Dawn Meyerriecks, deputy director of the CIA’s science and technology office, sees IT modernization as a critical factor in the spy agency’s efforts to recruit the best and brightest young techies. Then once they arrive, she said, those employees are often the ones pushing the agency to adopt more innovative technologies.
If federal data scientists and IT specialists can’t access the tools they’re trained to use, “they’re going to look at you like ‘you don’t really want me to do my job,’” Meyerriecks said in a conversation with Nextgov. “They have put a lot of [importance] on the latest and greatest toolsets and having those available.”
This demand for the latest tech may sound like millennial entitlement, but Meyerriecks said it’s hard to argue with the amazing results employees can produce when armed with the right tools.
She also detailed negative consequences stagnant IT can have on the workforce and national security consequences with a group of federal tech experts Tuesday at the Adobe Digital Government Symposium produced by Studio 2G, a division of Nextgov's parent company, Government Executive Media Group. Though many government tech initiatives rightfully focus on citizen services, panelists argued agencies shouldn’t neglect the online experience of federal employees.
Modern workers consider the technology available in a workplace as an increasingly important factor when choosing a job, said Stephanie O’Sullivan, the former principal deputy director of national intelligence. As such, IT modernization could make or break agencies’ chances for hiring young, talented technologists.
And historically, those odds have been low.

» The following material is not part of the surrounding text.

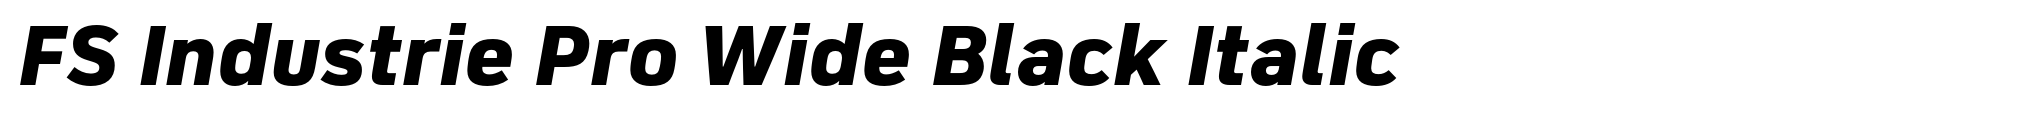 FS Industrie Pro Wide Black Italic image

In December, federal IT specialists age 60 and over outnumber those under 30 about 4.6-to-1, a widening age gap experts attribute in part to low government salaries, lengthy hiring processes and increasing demand for cyber talent in the private sector. But Meyerriecks said the CIA retains “really good” recruiting and retention rates despite its drawn-out hiring procedure, at least in part due to the agency’s embrace of tech innovation.
O’Sullivan also echoed the sentiments of many government leaders who see modernization as an issue rooted as much in culture as innovation. IT specialists are naturally skeptical of anything that would interrupt their agency’s mission, but she said the shouldn’t see modernization as one of those obstacles.
“It’s not going to be a mission interruption to do some of the upgrades that are possible today—it’s beginning to hurt our mission that we do not have modern tools and technologies available to use,” she said. “There’s really not an excuse” to keep employees on legacy systems.